Any suggestions for the best way to shop for this kind of service, and what I should look for in terms of resolution and image tweaking? Any pitfalls to avoid?

1:07 pm on Feb 12, 2007 (gmt 0)

WebmasterWorld Senior Member rocknbil is a WebmasterWorld Top Contributor of All Time 10+ Year Member



As a ex-scanner operator, I'll say so many have gotten into the game in the last 10 years it may be difficult to separate the low from the mid end. On the other hand, CCD scanners have really come up in quality.

One thing still remains true, you will never get as good a quality out of a transparency as you will with a drum scanner. The levels of tone you will get from a laser-powered drum scanner will far exceed any multi-pass CCD units. This is especially true working with 35mm.

Scanning houses and larger printers have tried to stay in competition so on a quantity like that you may get a break. The deal is you load up from 20-50 slides on a drum for each session. If you can afford it at all, this is the way to go.

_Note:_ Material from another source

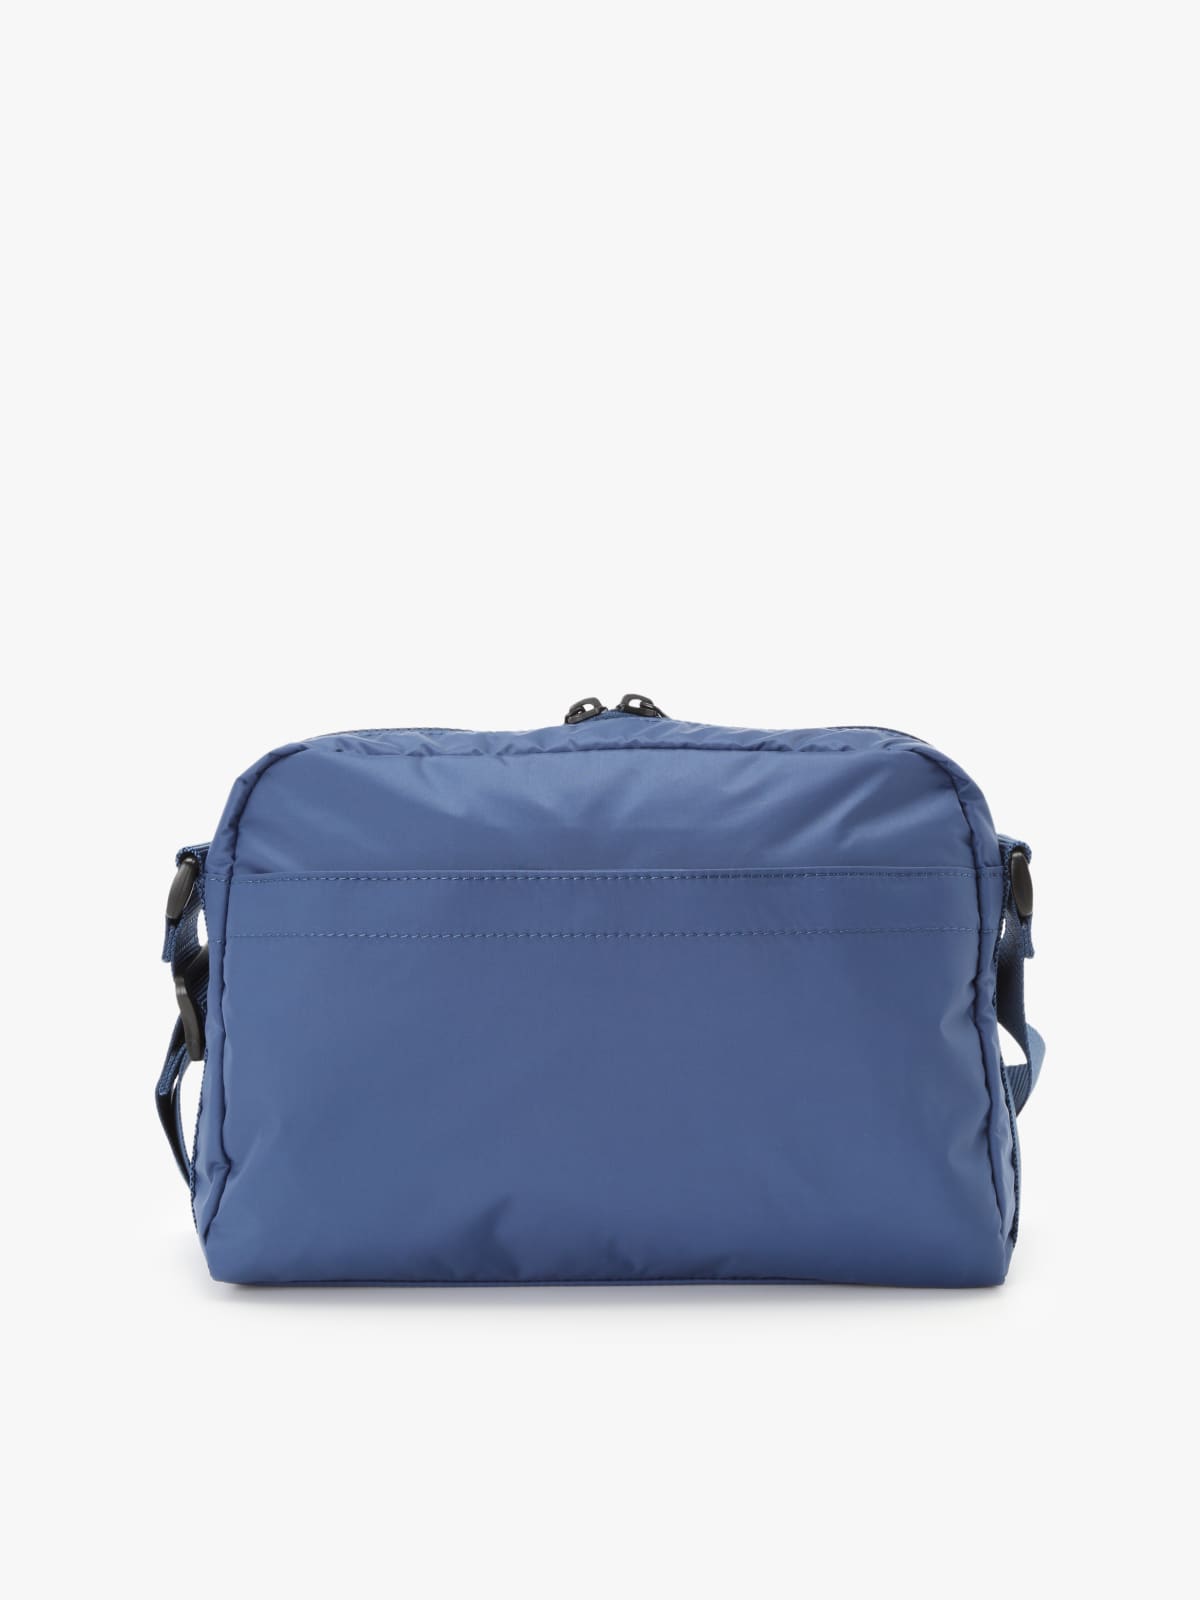 blue nylon bag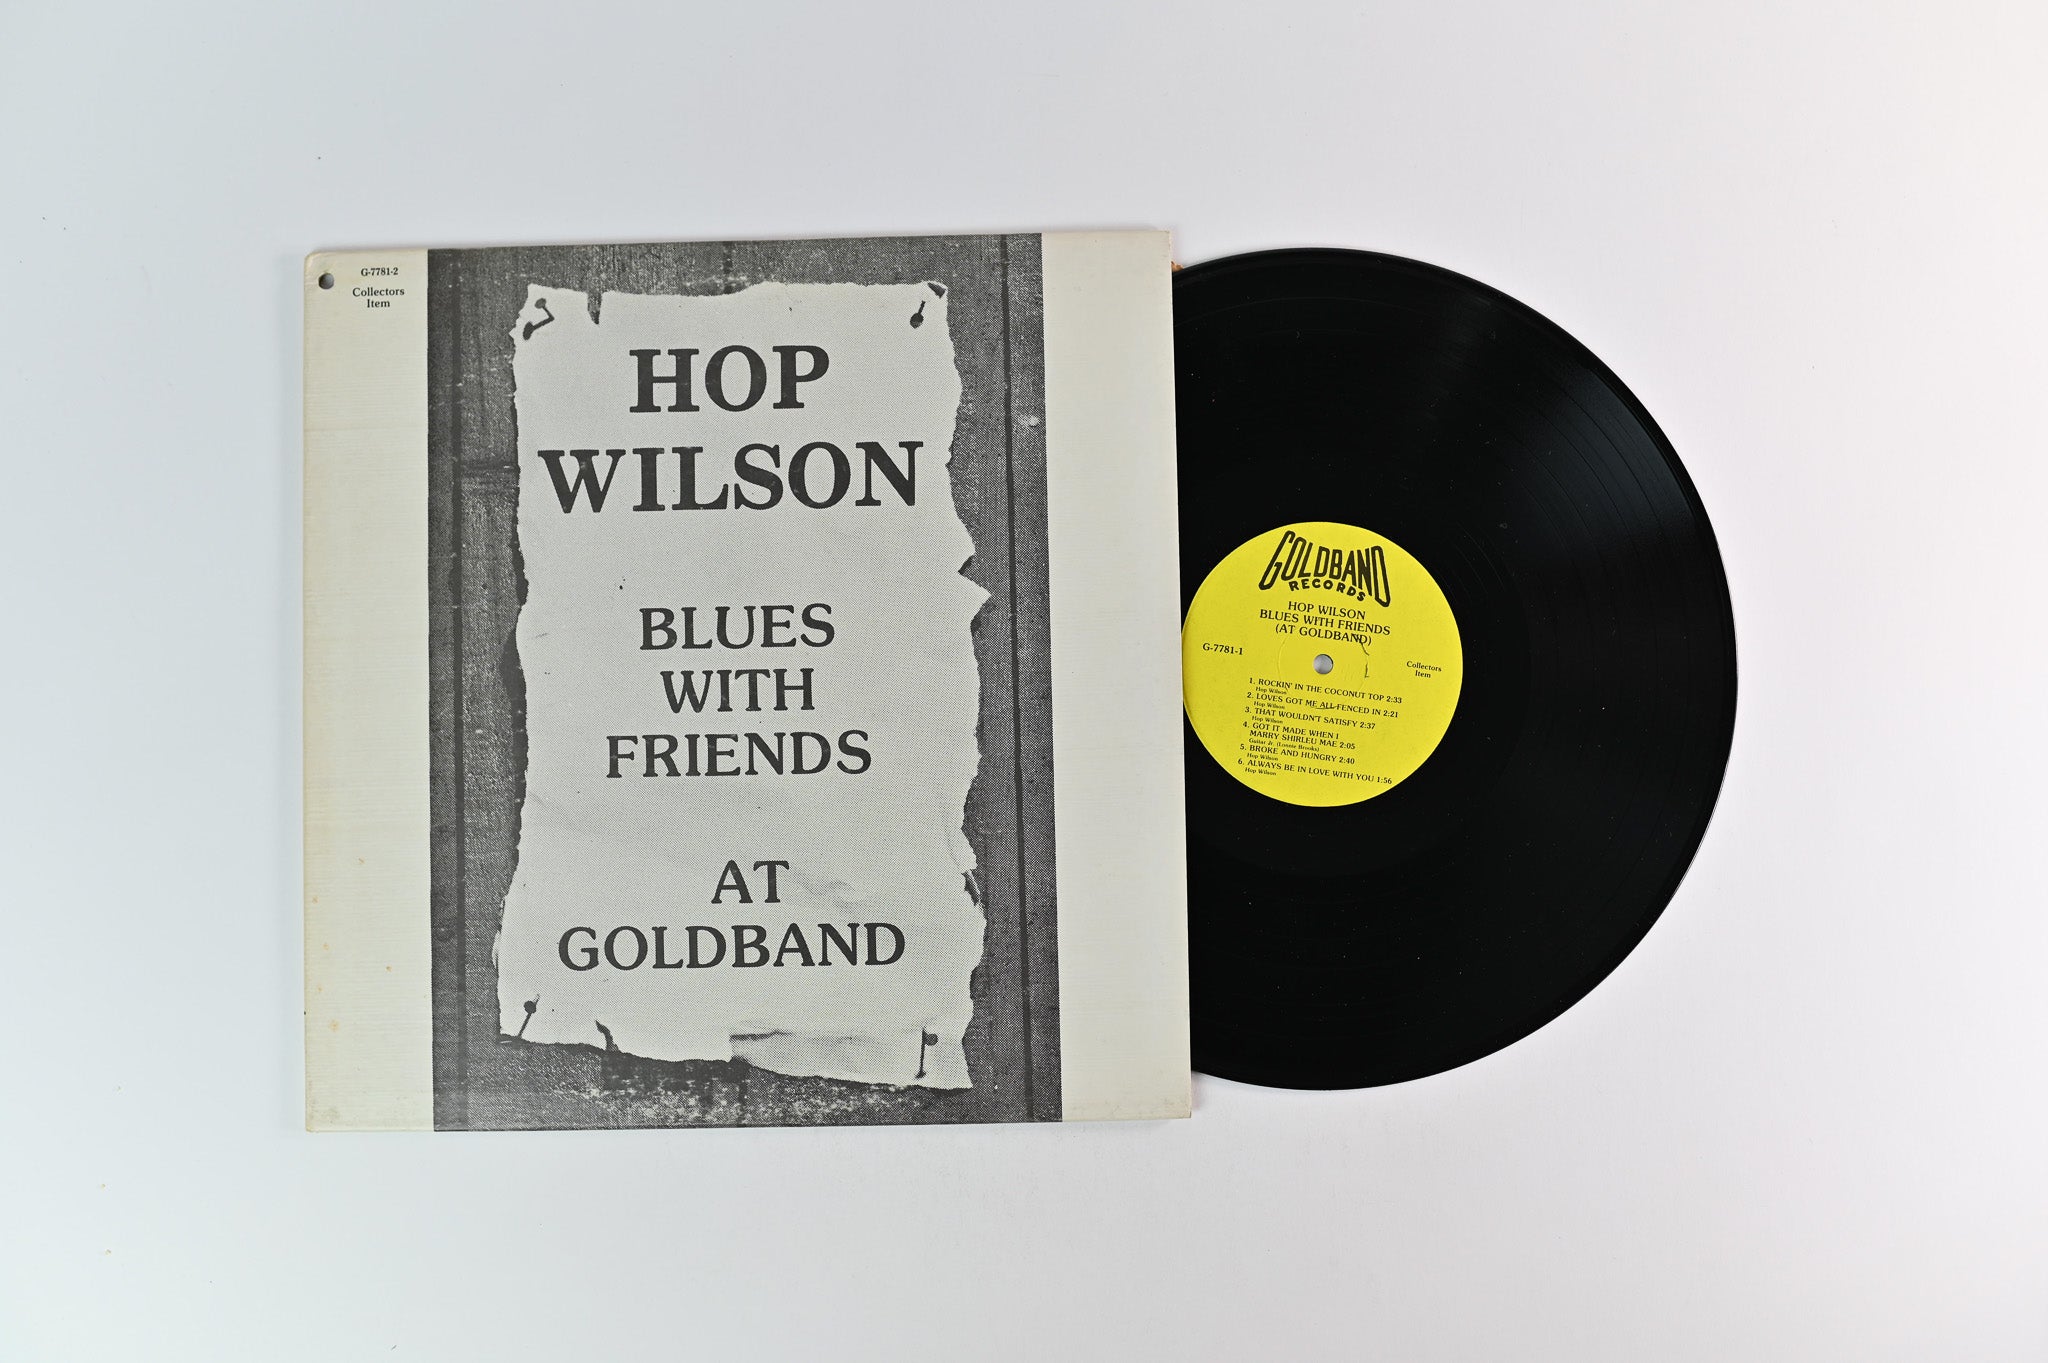 Hop Wilson - Blues With Friends At Goldband on Goldband

Start with big printers in your area, ask them for references.

If someone has Dainipon Screen or Scitex scanners in house, well, that would be good. :-D

1:29 pm on Feb 12, 2007 (gmt 0)

WebmasterWorld Senior Member pageoneresults is a WebmasterWorld Top Contributor of All Time 10+ Year Member



A word of caution...

High end scanners will produce a "high end" scan. Any imperfections in your photography will usually be greatly enhanced and need to be edited in Photoshop or other image editing software.

I'd call the local camera shop and see what they have available. When it comes to basic consumer level photo archiving, you may not need the "greatly enhanced" quality of a high end scan.

7:10 pm on Feb 12, 2007 (gmt 0)

5+ Year Member



I'm 39 and we have literally hundreds of 35mm slides from my childhood and earlier. My parents recently purchased a slide scanner and have begun the arduous task of converting these to digital format. if you're using these for personal use and have a significant number - I don't know the cost but based upon the quality I've seen I'd not pay someone to do it if the costs would allow me to scan them on my own with my own equipment.

As it stands - we scan in bunches and when we get caught up - scan some more.

Just my thoughts based on recent experience.

10:44 pm on Feb 12, 2007 (gmt 0)

WebmasterWorld Administrator rogerd is a WebmasterWorld Top Contributor of All Time 10+ Year Member



Arduous task is right! I've got a flatbed Epson capable of scanning transparencies and negatives, but the whole process is incredibly time consuming. It's fine if you need one or two scans, but way too tedious for big batches.

Then again, Frapster, maybe I can outsource the job to your parents after they catch up on their own photos... ;)

Would it be worth investing in true slide scanner where I could load a stack in and scan them automatically? And do those devices have a way of handling negative strips?

11:13 am on Feb 13, 2007 (gmt 0)

WebmasterWorld Administrator phranque is a WebmasterWorld Top Contributor of All Time 10+ Year Member Top Contributors Of The Month



i have seen a sub $500 model that will self-advance film strips or rolls between scans.
i haven't seen anything yet that will autofeed slides.